The moon approached full eclipse two hours later, just after 6:30 am. Unfortunately, we did not get to see the famous orange glow that accompanies a full umbra. Right at that point, the cloud cover obscured things. In addition, the sky started getting too bright as sunrise approached. Still, it was both fun and thrilling to participate in the event.

Some photos of the eclipse

But the big project for the weekend was the deck rails. We didn’t start on this until Saturday morning after the eclipse.

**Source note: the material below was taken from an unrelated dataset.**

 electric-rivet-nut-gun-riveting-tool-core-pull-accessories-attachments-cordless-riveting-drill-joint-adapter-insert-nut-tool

The deck rails – which are required for our occupancy permit – have long been a thorn in Russell’s side. We had rejected traditional wood railings in favor of less-visible cable railings. Over the past year, Russell has installed, uninstalled and reinstalled the deck posts. We have needed to reinforce the corner posts with aluminum angle iron bars and hose clamps to keep the cables from ripping through the post holes.

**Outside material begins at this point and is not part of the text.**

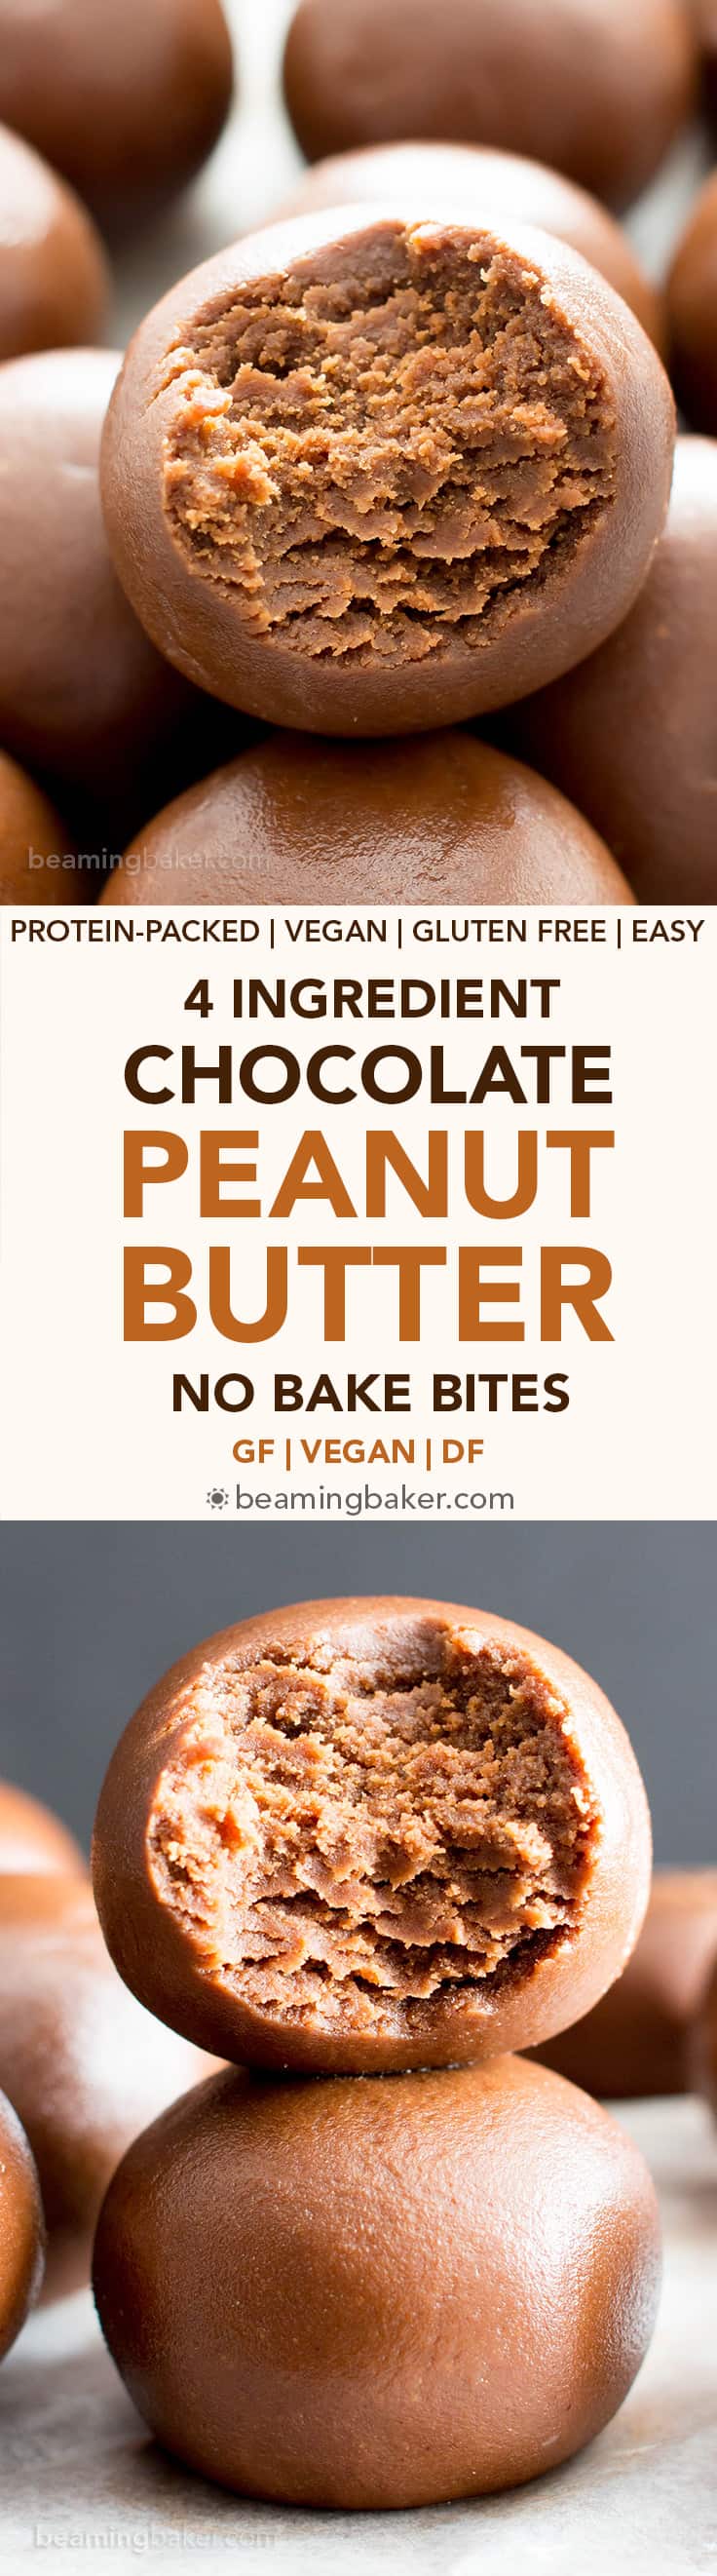 4 Ingredient Chocolate Peanut Butter No Bake Energy Bites Recipe (V, GF): an easy, one bowl recipe for irresistible no bake bites packed with peanut butter and chocolate flavor! #Vegan #GlutenFree #DairyFree #PeanutButter #Chocolate #NoBake #Snacks | Recipe on BeamingBaker.com

When our inspector Dennis last examined them, he declared that the cables for the two small decks were fine. But the cables for the big deck – which takes up three sides of the house’s octagon – would need to be tighter. Russell dutifully tightened the cable turnbuckles as far as they would go (there are turnbuckles at both ends of the eight cables on the big deck), but the cables were still too loose.

Gail contacted Hayn Enterprises, who had provided the original hardware to Topsider for our kit home. After numerous exchanges, we decided that the best and only solution would be to splice additional turnbuckles into the middle of each 45-foot cable.

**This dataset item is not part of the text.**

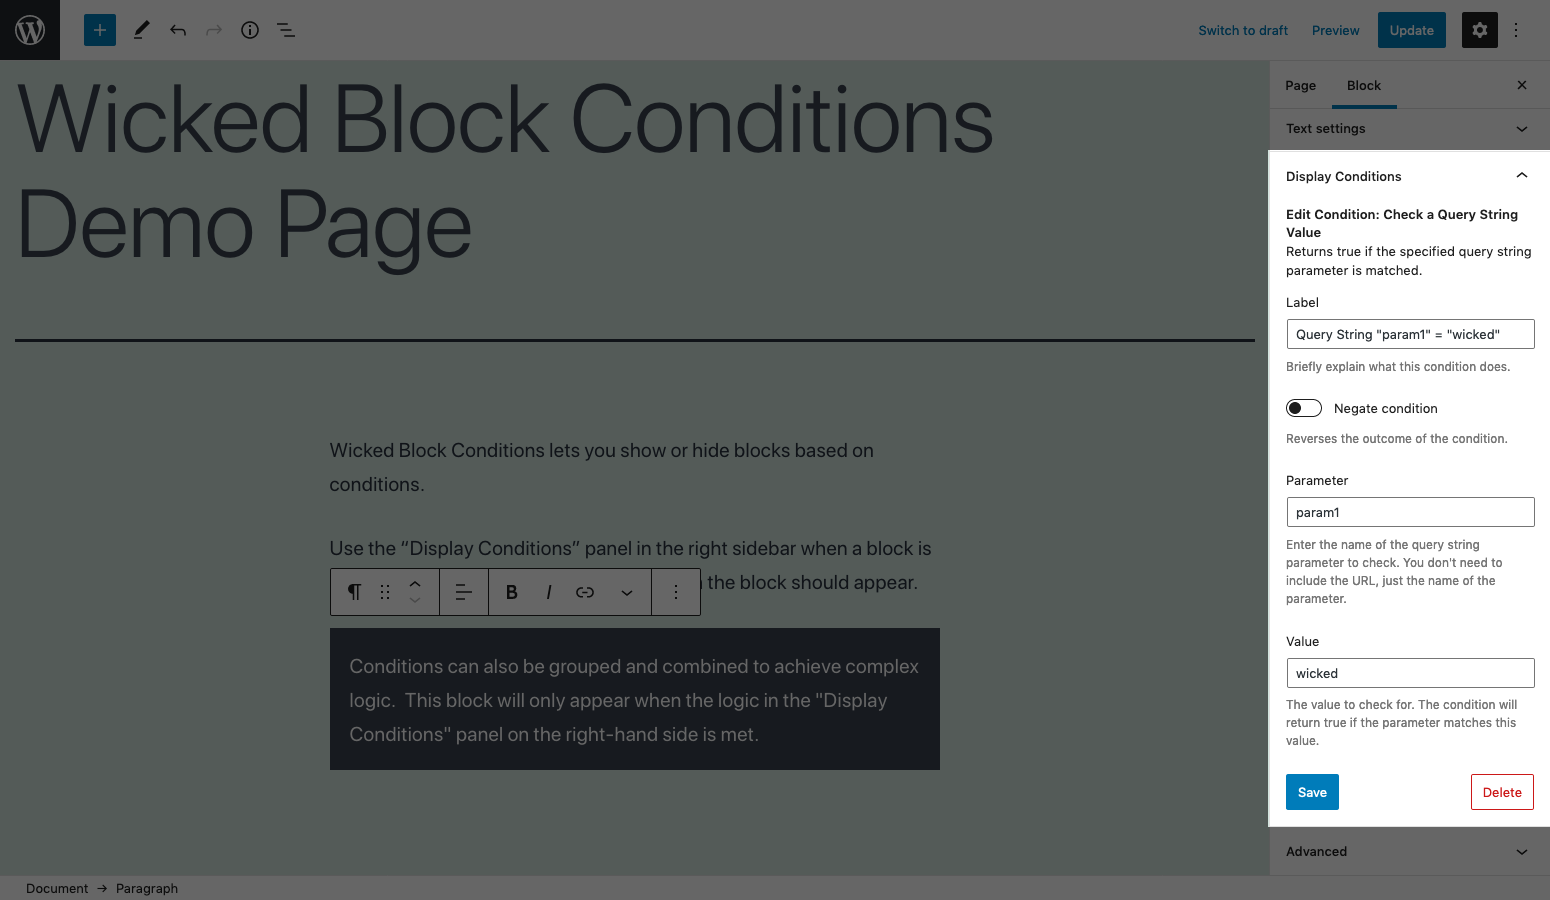 Every condition can be assigned a custom label.  You can also negate conditions.  Each condition has its own configuration settings.

Russell approached this project with apprehension. Once we cut a cable, it could never be “uncut.” We had to do everything right the first time. Russell drove Gail crazy with his analytical approach, making sure that each side was secured by vise-grip pliers before we cut the wire.

Gail and Russell on the large deck. We used vise grips to keep each cable taut as we cut it.

As it turned out, the process ended up being easy and straightforward. Hayn had provided us with new “swageless” turnbuckles that no longer require triple crimping. Instead, the cable ends are screwed into a socket and held in place with tension. Russell had estimated more than an hour for each cable. We ended up getting all eight done on Saturday morning before lunch. The cables are now nice and tight, with plenty of room left in the turnbuckles for retightening over time.

Hayn offers new “swageless” turnbuckles. They are more expensive, but worth it.

The mid-section of the big deck, before and after

Our early success left us with the energy and time for a couple of other projects.

Russell’s pet project for the weekend was to reinforce the external glu-lam beams that support the entire post-and-beam house. Over Thanksgiving, our brother-in-law Matt had observed that the glu-lams were beginning to separate. Indeed, we have heard from other Topsider owners that their houses have collapsed as a result of these beams completely failing.

Russell’s solution was to prevent further separation by running hose clamps around the beams. After Gail covered a couple of the beams in Varathane, Russell attached the clamps. Two down, six more to go.

The glu-lam beams that support the house are starting to separate

The glu-lam, before and after hose clamps

Gail’s pet project for the weekend was to rake the approach road. With the arrival of winter, the hundreds of oak trees around the property all drop their leaves. This is especially troublesome on the main gravel approach road, where a layer of leaves can make the road too slick to drive on when it rains.

Throughout the weekend, Gail used an electric leaf blower (connected by long extension cords up to the house) while Russell raked. The road is now clear – at least until the trees drop the rest of their leaves.

And finally, the approach road – before and after

On Saturday evening, we dined at Eddie Papa’s restaurant in Pleasant during the drive home. We remarked on how productive the day was, beginning at 4:30 am with a lunar eclipse and ending with the deck cables finally finished and a nice dinner out. We can hardly wait for our next adventure!

Gail enjoys beautiful weather as she applies Varathane to the exterior of our mountain home. (The photo looks distorted from the panoramic lens.)